XML Query uses a non-XML syntax to specify queries over data stored in XML documents. It uses XPath as well as a large amount of its own syntax to select pieces of the infosets from these documents. It is likely that some RDF query engines will provide a subset of XML Query functions to manipulate RDF literals, especially XML trees specified via parseType="literal" properties.
The Syntactic Web, by Jonathan Robie, outlines an alternative technique to storing RDF (or triples) in XML. The approach is to create a list of n-triples inside an XML root element.
<statement>
<subject>http://www.artchive.com/rembrandt/artist_at_his_easel.jpg</subject>
<predicate>c:mime-type</predicate>
<object>image/jpeg</object>
</statement>
This "canonicalized" RDF datas eliminates the need to do syntactic queries over variants of the syntax based on tree nesting or abbreviated syntax. The advantage is that XML Query Language can be used for graph queries confined to the scope of the document. UUIDs can be used to assure the ability to merge graphs from multiple documents. This amounts to performing a SQL join on a flat triple store.
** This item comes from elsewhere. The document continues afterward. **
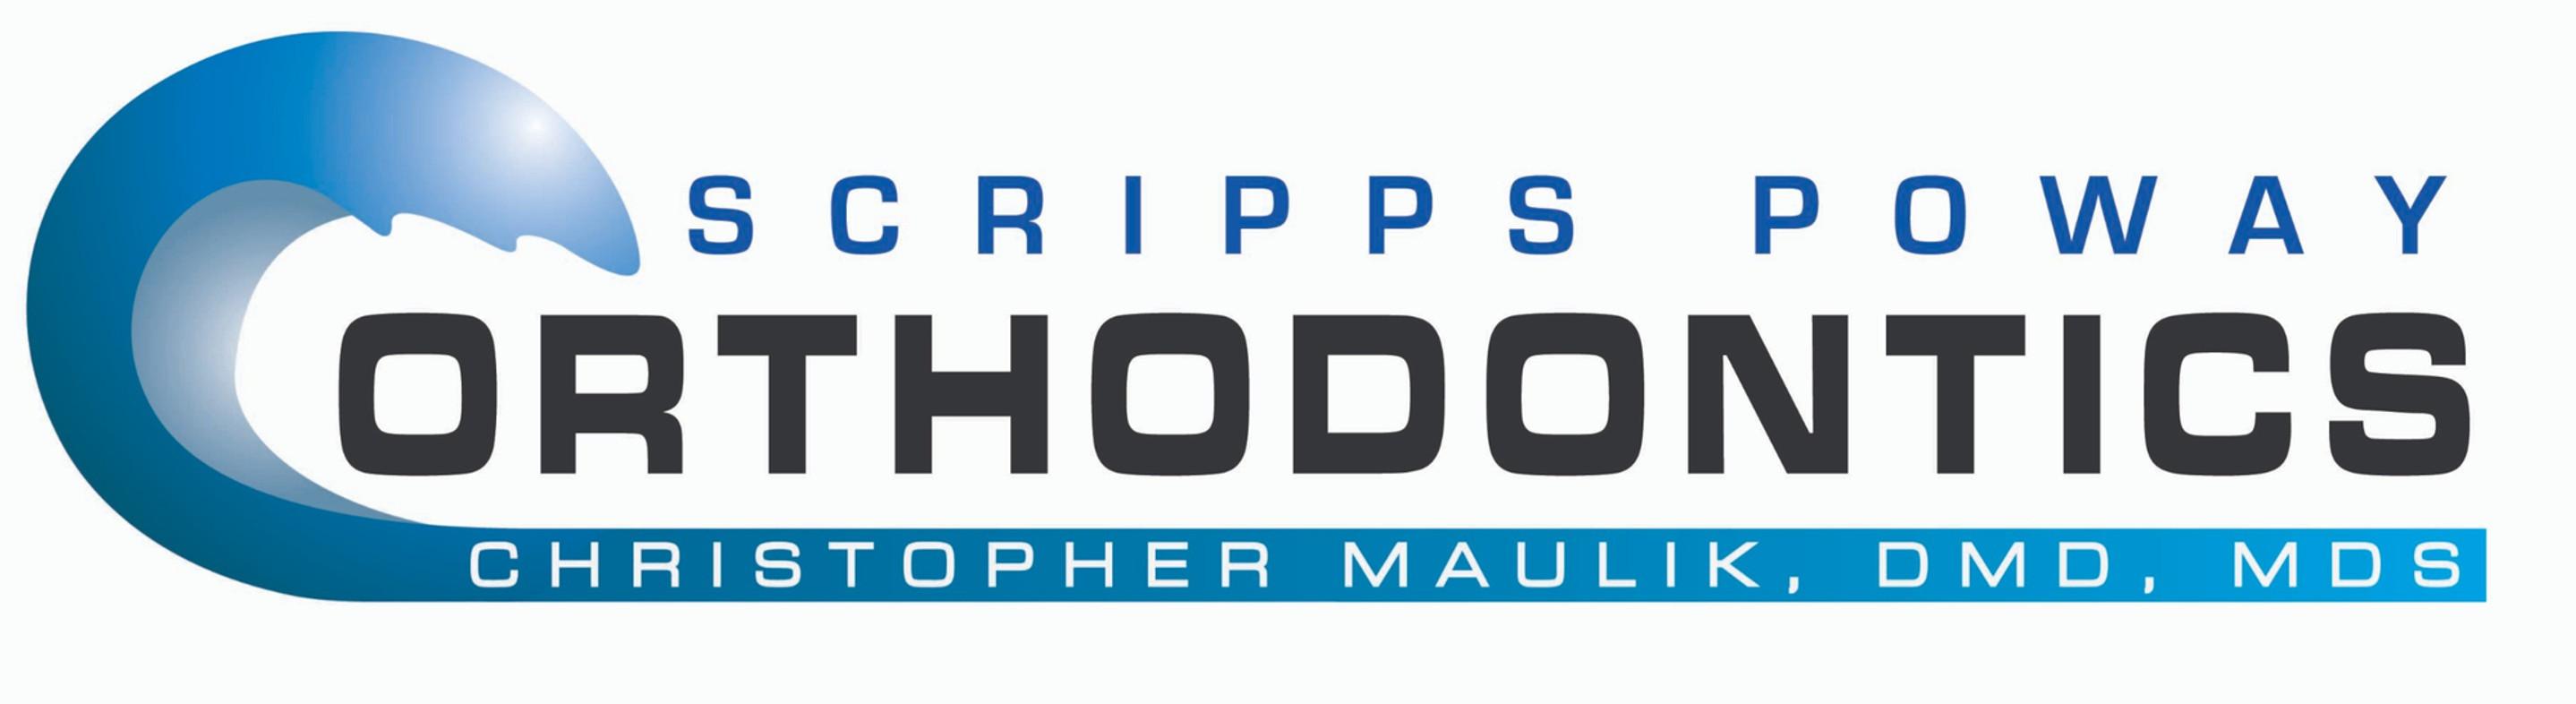 Scripps%20Poway%20Orthodontics%20Maulik_

This example applies a query used in RDF Query and Rules: A Framework and Survey.
LET $t := document("Snowboard.rdf")/rdf/statement
FOR $serviceType in $t[predicate="rdf:type" and object="wsdl:service"],
$servicePort in $t[predicate="wsdl:hasPort"],
$portBinding in $t[predicate="wsdl:binding"],
$bindingStyle in $t[predicate="wssoap:style"],
$bindingTransport in $t[predicate="wssoap:transport"],
$bindingName in $t[predicate="wsdl:name"],
WHERE $serviceType/subject=$servicePort/subject
AND $servicePort/object=$portBinding/subject
AND $bindingStyle/object=$bindingTransport/subject
AND $bindingTransport/object=$bindingName/subject
RETURN $servicePort/object, $bindingName/object
Another approach to leveraging off the investment of XQuery and promote interoperability where possible is to re-use as much of XQuery as possible, replacing portions that are used to traverse syntactic XML trees with functionality to traverse RDF graphs. Pictorially, this could be viewed as replacing XPath (except for that needed to peer into literals) with an RDF path language.
Procedurally, this intersection can be determined by examining the XQuery language data model and semantics. Practically, this would involve providing some built-in functions to access a projection of RDF data onto an XQuery data model
.
FOR $a in //node,
$b in //node,
$c in //node
WHERE holds($a, p4, $b)
AND holds($b, p5, $c)
RETURN
<node>{$a, $c}</node>
where //node and holds are language extensions importing RDF data stores into the XQuery data model. This approach seems not to re-use much of XML, but could in cases like
FOR $a in //node[typeof(???)=xsd:integer]
A variant of this is to keep the XPath portion for traversal of XMLLiterals.
Define a modest graph traversal language, with conjunctions and possibly disjunctions and safe negation. Define interactions between this graph "grepping" lanuage and XQuery. Applications would rely on the "graph grep" to find nodes and then on XQuery to look into literals.